A word-for-word copy of the lines below, starting at the line with "Camiseta Tommy Hilfiger" and ending at the last one, is what you should give. Omit every picture.

> DATA SEGMENT
##########

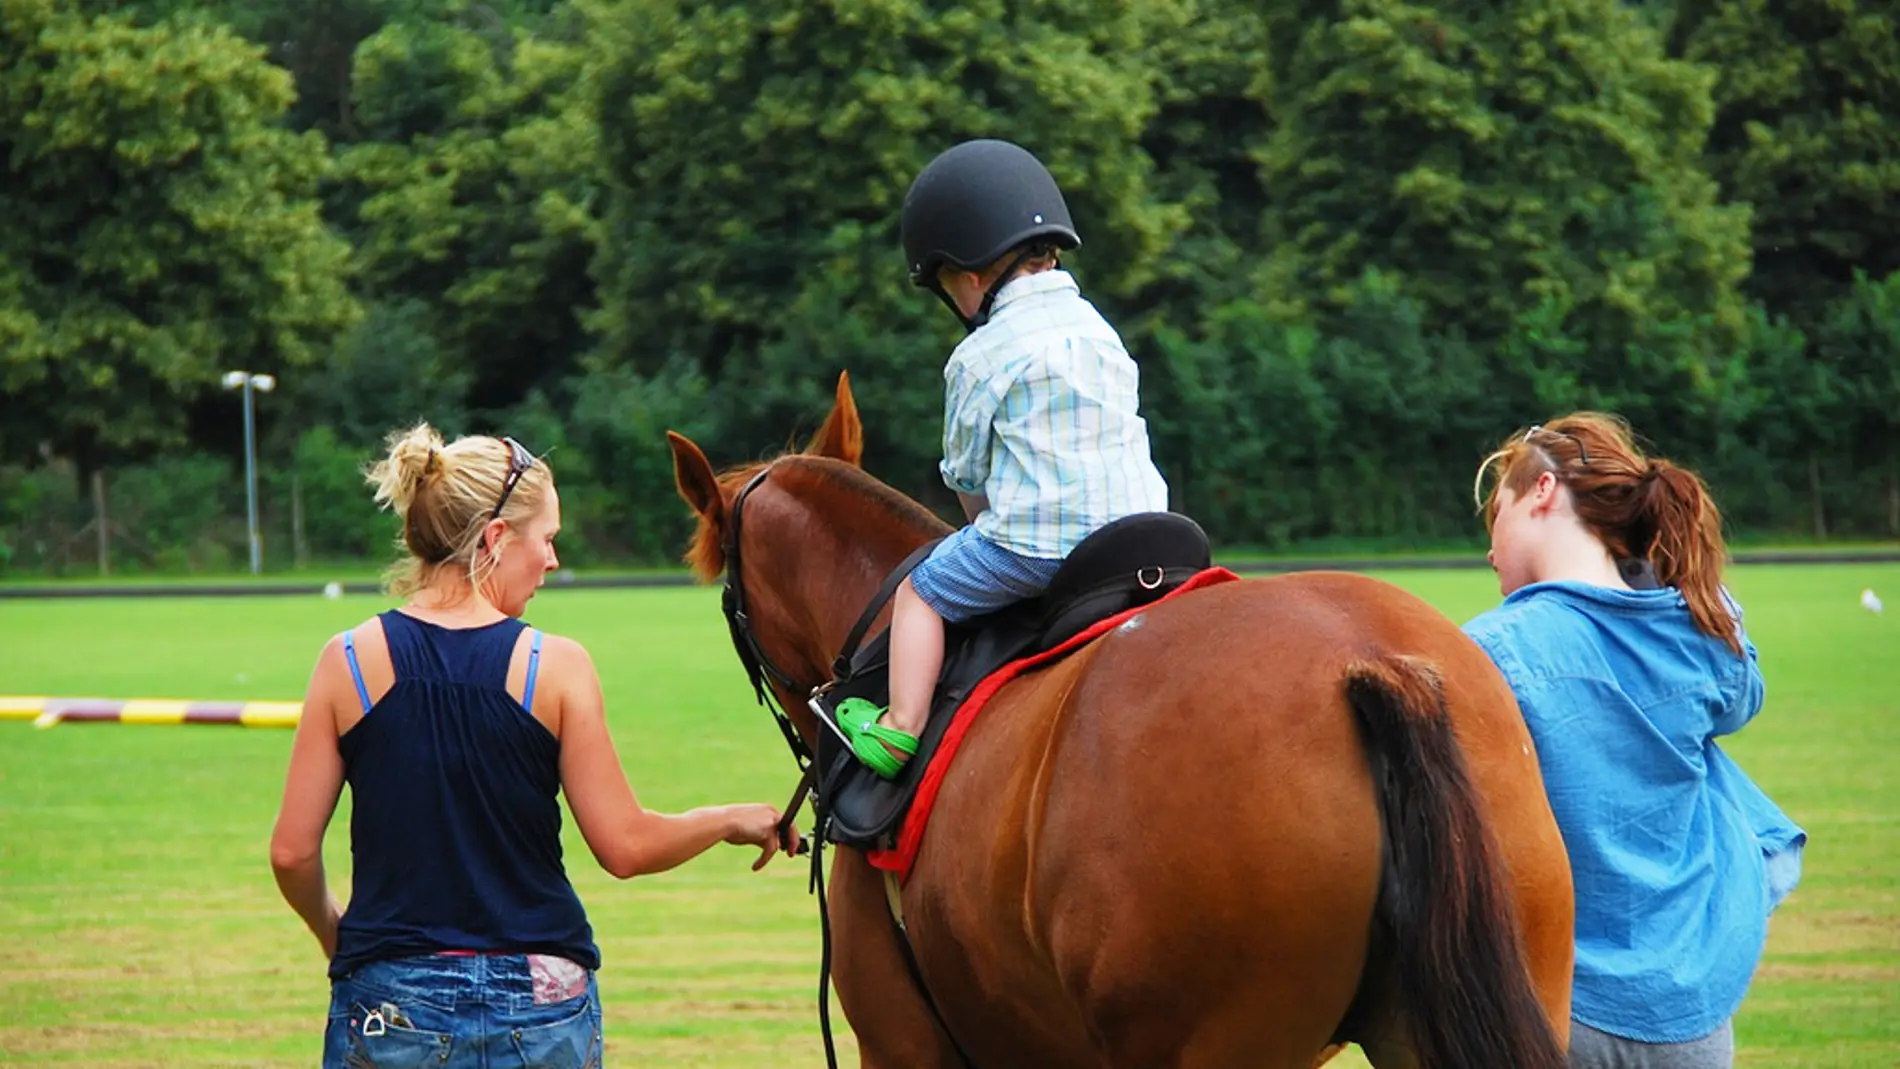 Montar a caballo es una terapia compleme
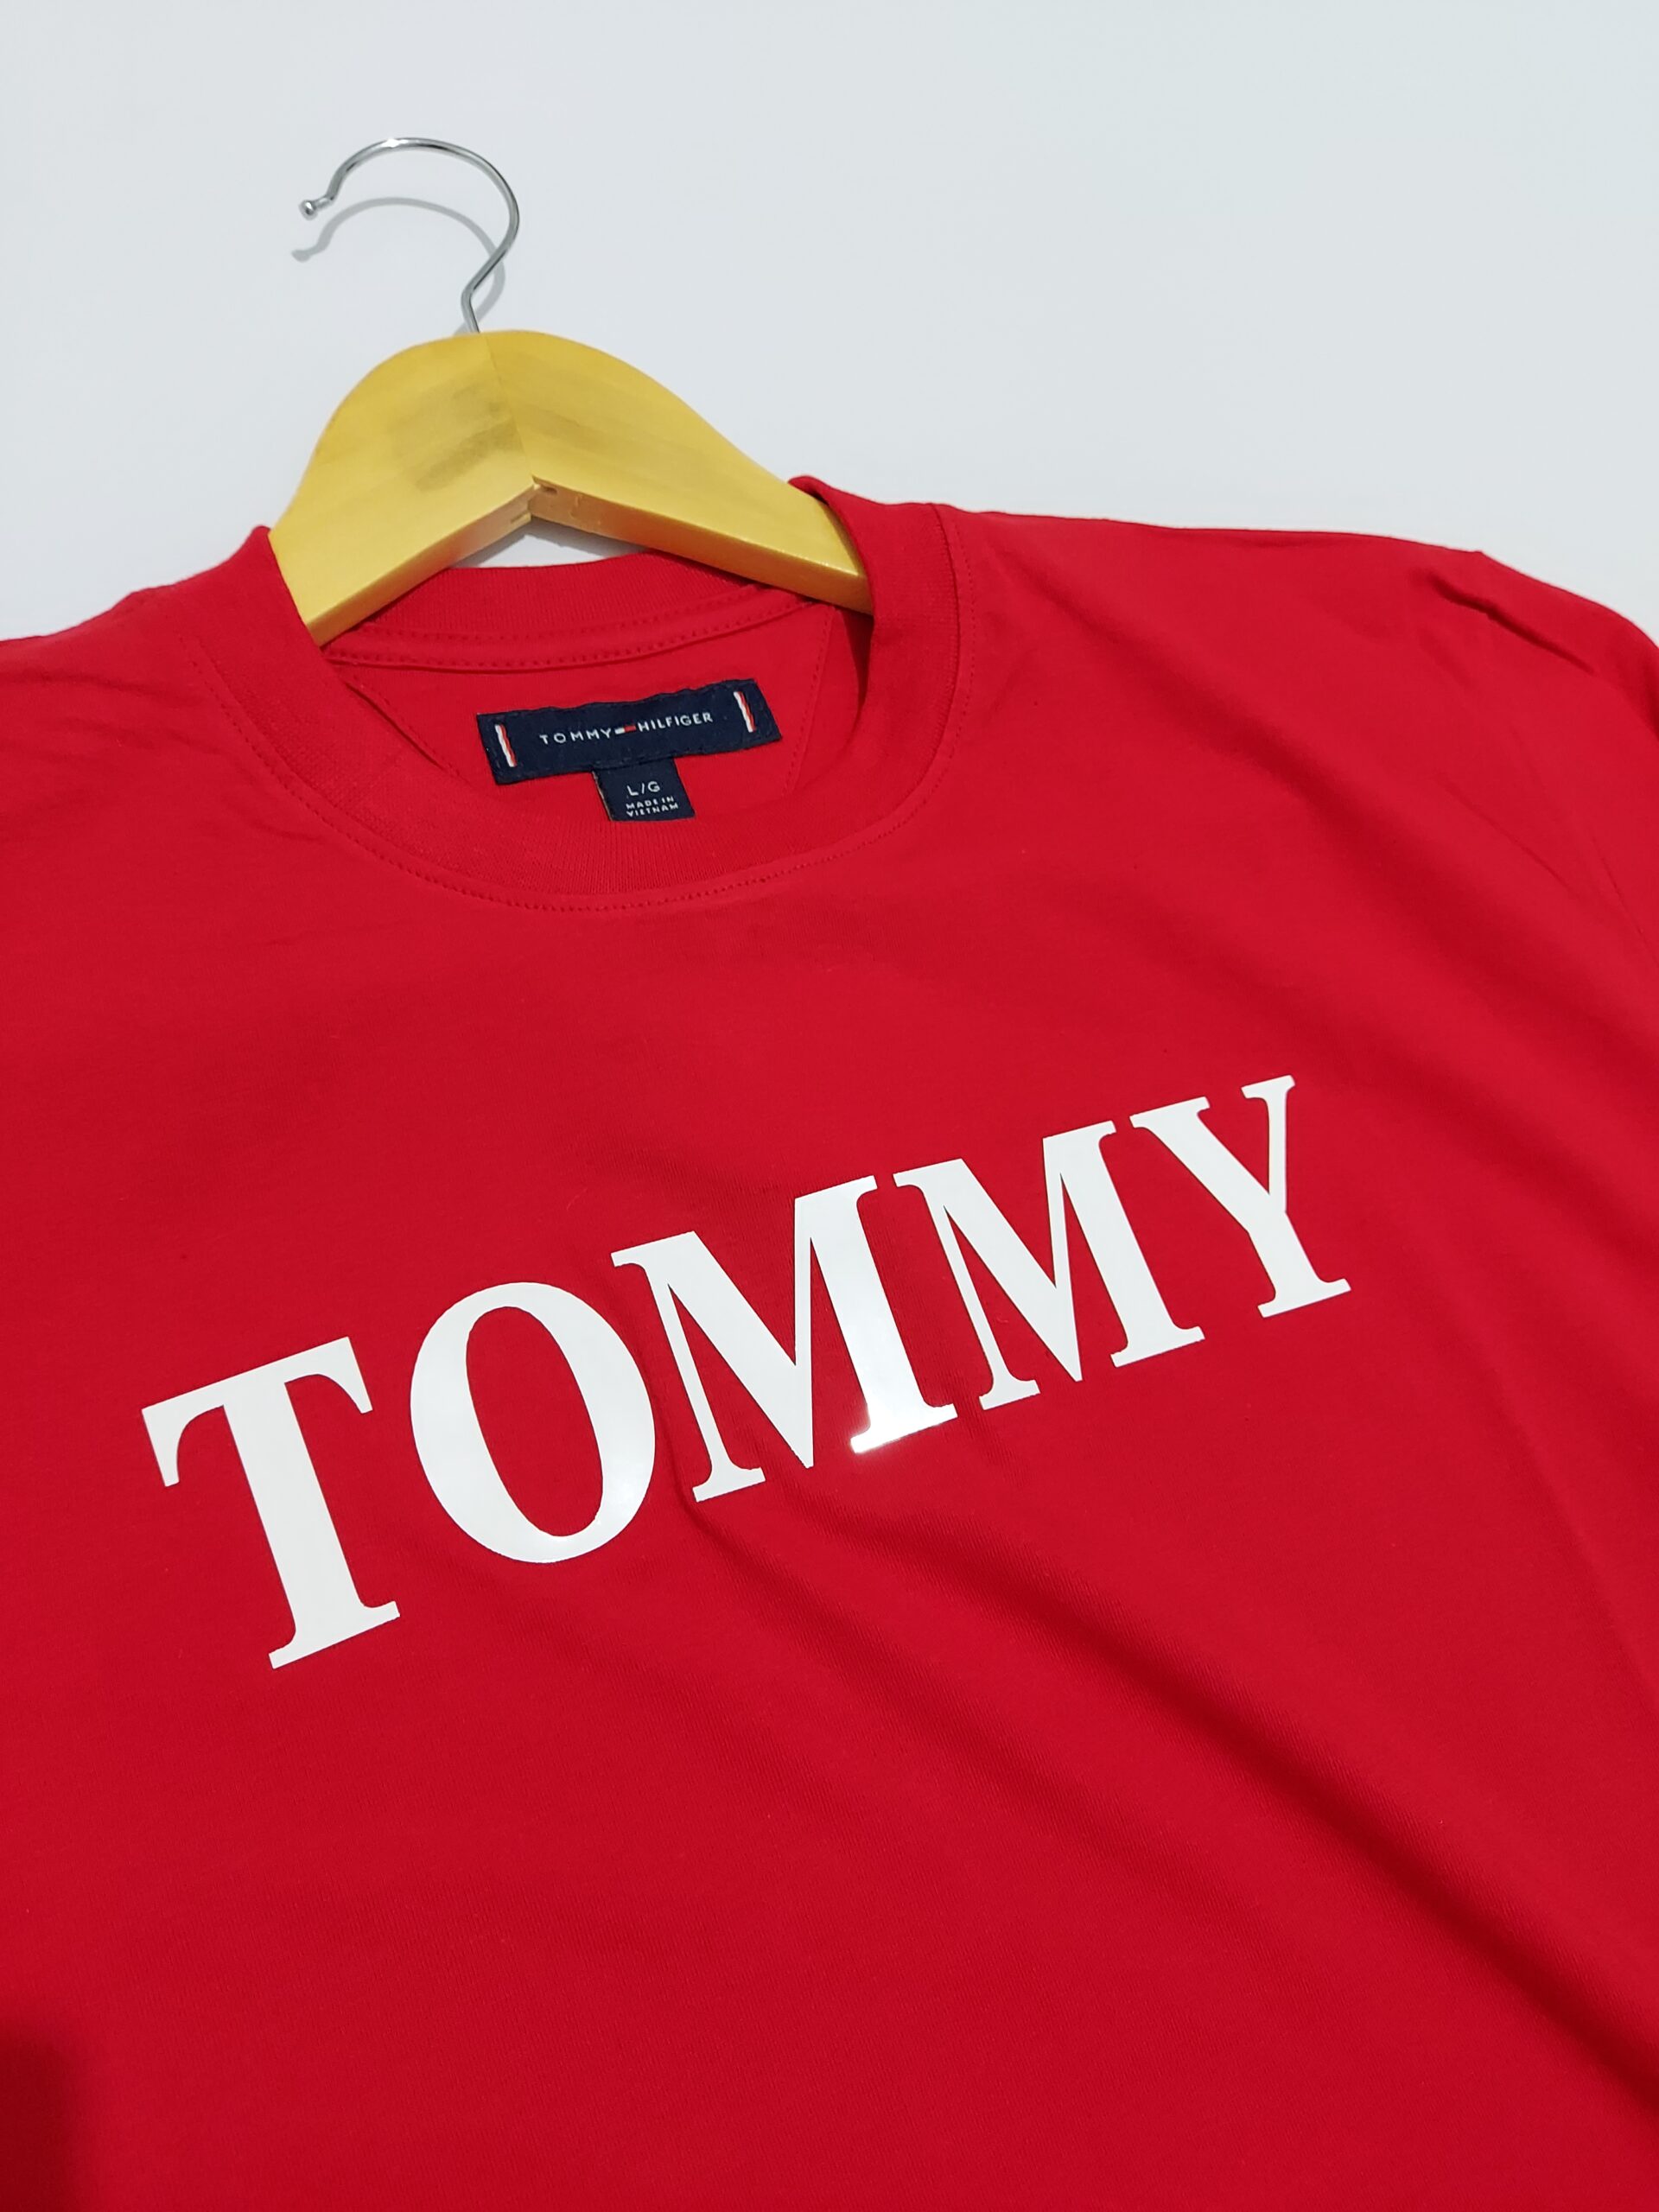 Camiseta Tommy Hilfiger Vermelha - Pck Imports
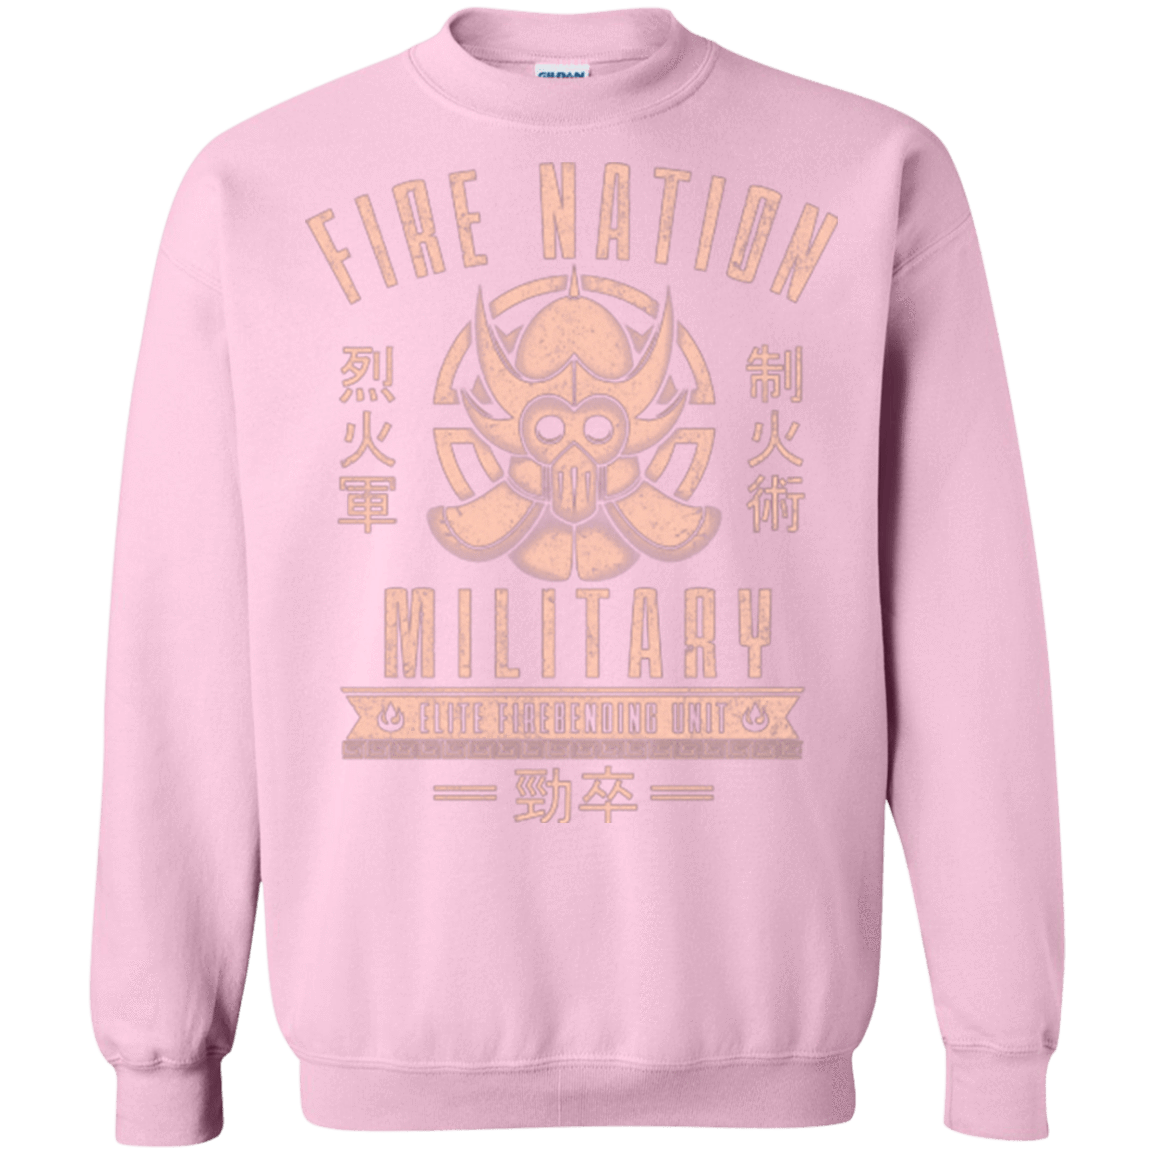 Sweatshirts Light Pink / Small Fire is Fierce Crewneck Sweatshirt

##########

> TASK RESULT
 Camiseta Tommy Hilfiger Vermelha - Pck Imports
 Sweatshirts Light Pink / Small Fire is Fierce Crewneck Sweatshirt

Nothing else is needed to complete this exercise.